Com os combustíveis mais caros, têm sido cada vez mais comuns os casos de pane seca, que é quando o veículo para por causa do tanque vazio. Alguns postos de Bauru chegam a atender até 30 motoristas por dia com galões na mão. Entre os relatos está, principalmente, a dificuldade em abastecer o veículo com a frequência de antigamente.

"Atendemos gente todo dia. Aumentou muito desde o começo do ano. Quase sempre é porque o carro ficou parado. Por dia, chega a ter umas 30 pessoas", relata Estevam Thiago, frentista de um posto na Avenida Moussa Tobias, na Zona Norte, um dos principais acessos a bairros como Vila São Paulo, Pousada da Esperança e Jardim Ivone. "O pessoal abastece com R$ 20,00 ou R$ 30,00, mas não dá para nada. Anda um pouco, não percebe e fica na mão", complementa.

APOSTA 

O motoboy Alexander Silva, de 20 anos, levava a esposa grávida para uma consulta médica, quando o carro, sem combustível, ficou parado na mesma avenida. "Voltei para casa ontem à noite com o tanque na reserva, quase vazio, achei que dava para chegar ao posto hoje antes de ir ao médico, mas não deu", explica o jovem, voltando para o carro com cinco litros de álcool no galão. Apesar do contratempo, eles não perderam a consulta. "Está muito difícil. Antes até enchia o tanque do carro, agora não dá mais não", reclama. No posto em que ele estava, a gasolina custa R$ 5,95 e o álcool R$ 4,55.

Na Avenida Getúlio Vargas, frentistas vivenciam situações parecidas. "Todo dia a gente vende, pelo menos, um galão para uma pessoa sem combustível. A pessoa abastece de pouquinho, acha que vai dar, fica andando na sorte", conta o frentista Alexandre Cardoso Campos. "A pessoa pede para colocar R$ 30,00, mas o ponteiro nem mexe. Tem cliente que pergunta se a gente realmente colocou combustível", relata o colega de trabalho Luiz Gustavo dos Santos, também frentista.

A autônoma Adriana de Oliveira desembolsou R$ 16,00 para comprar o galão e outros R$ 30,00 para enchê-lo com gasolina, ao custo de R$ 6,00 o litro.

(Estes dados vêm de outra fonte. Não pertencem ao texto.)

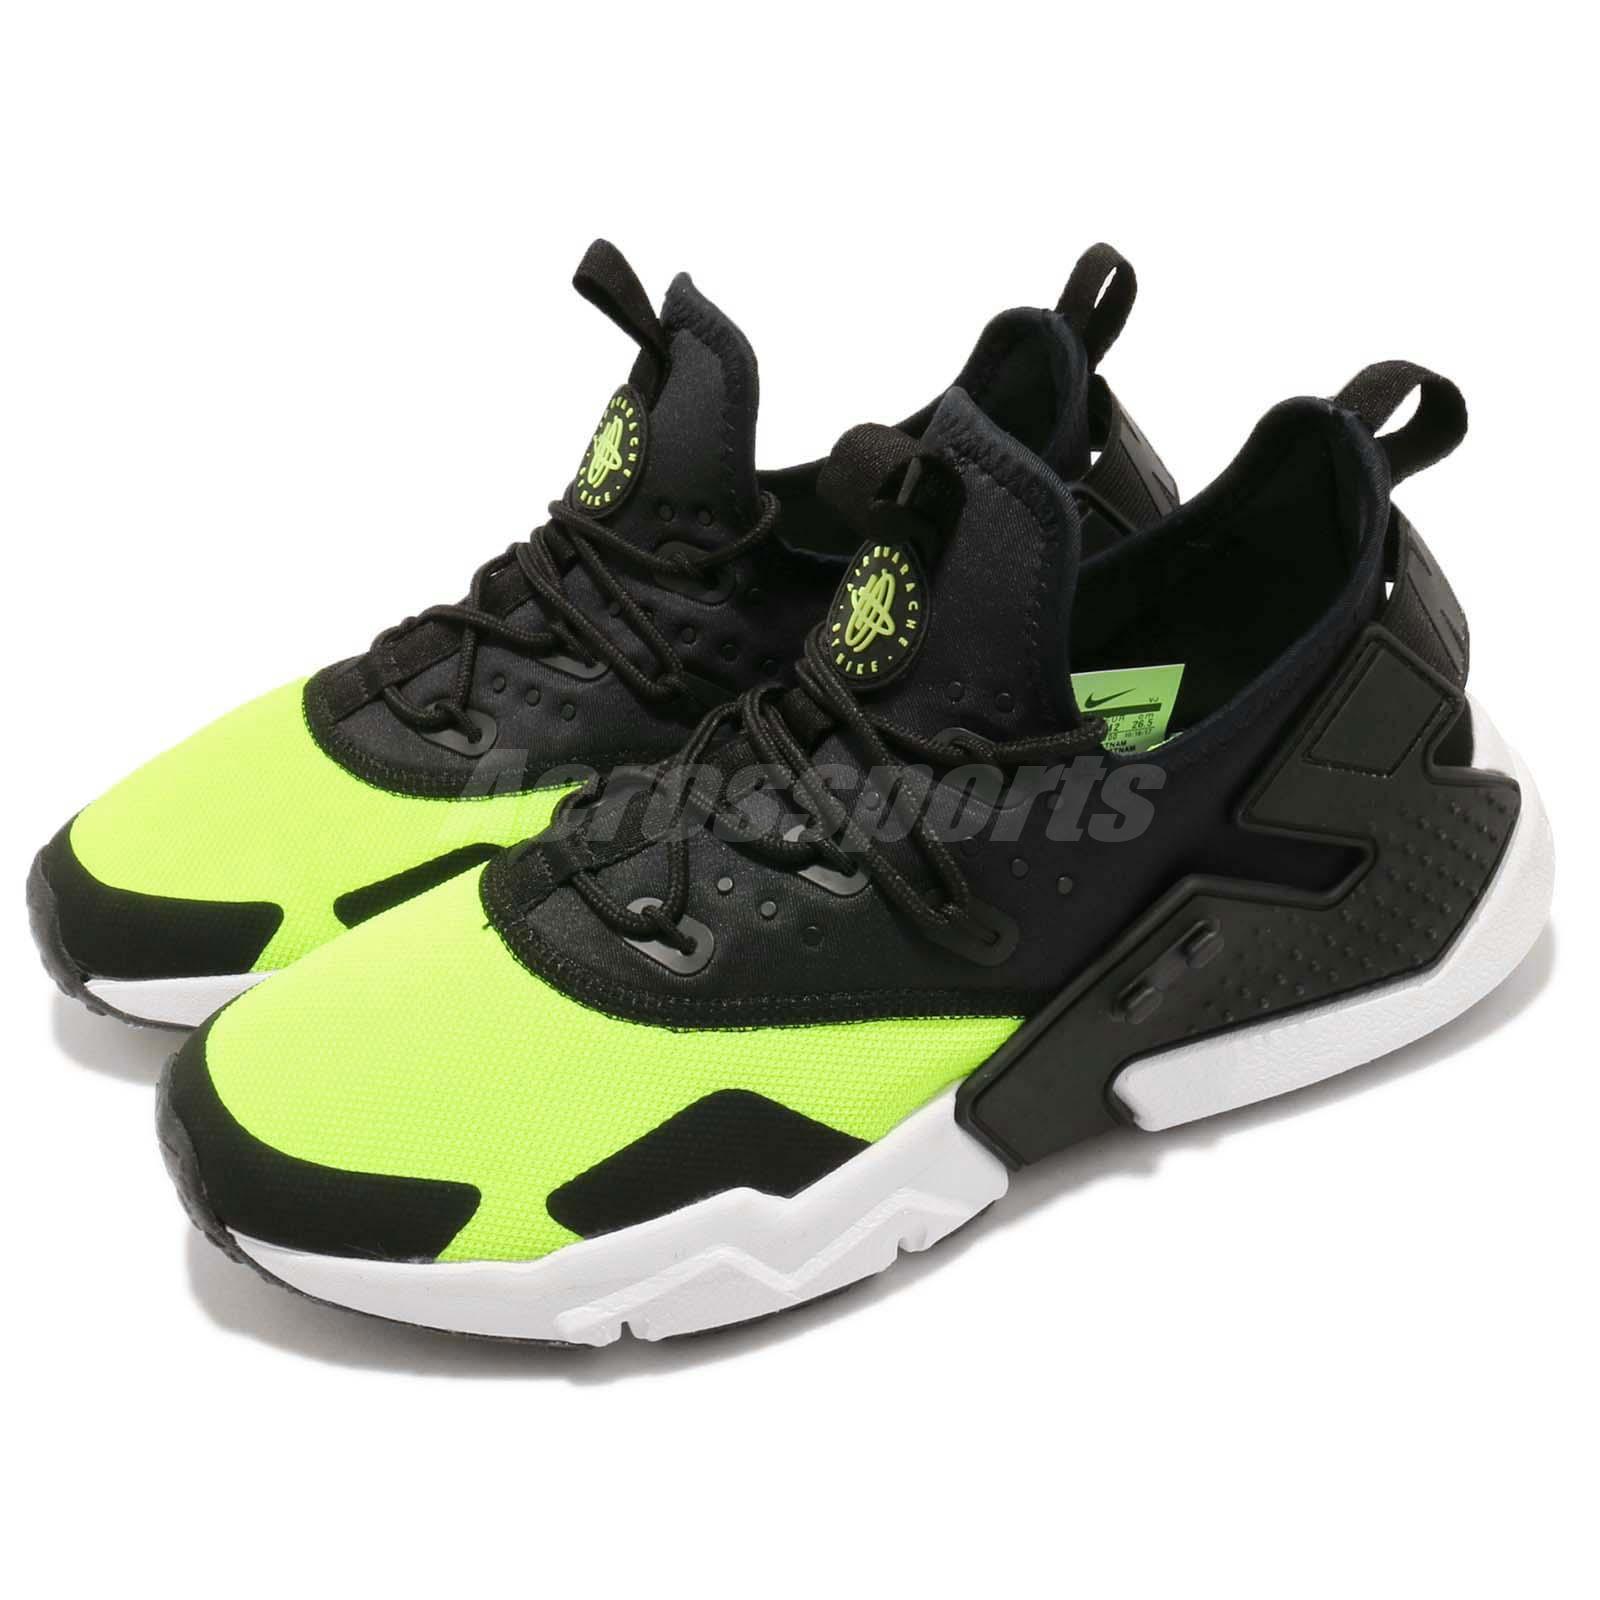 4ba5664cfb41 Details about Nike Air Huarache Drift Volt Black White Men Running Shoes  Sneakers AH7334-700

Ela ia para o Centro quando o carro dela ficou parado na Getúlio Vargas. "Foi a primeira vez (pane seca). Hoje em dia só coloco meio tanque, não está dando mais para encher", afirma.

Na Avenida Nuno de Assis, o frentista Diógenes Bueno também atende clientes vítimas de pane seca. "Tinha mais no começo do ano. Mas ainda aparece com frequência", confirma. "Acho que o pessoal tem controlado mais. Em vez de encher o tanque, gasta um pouco no mercado, um pouco no posto, e vai levando", complementa.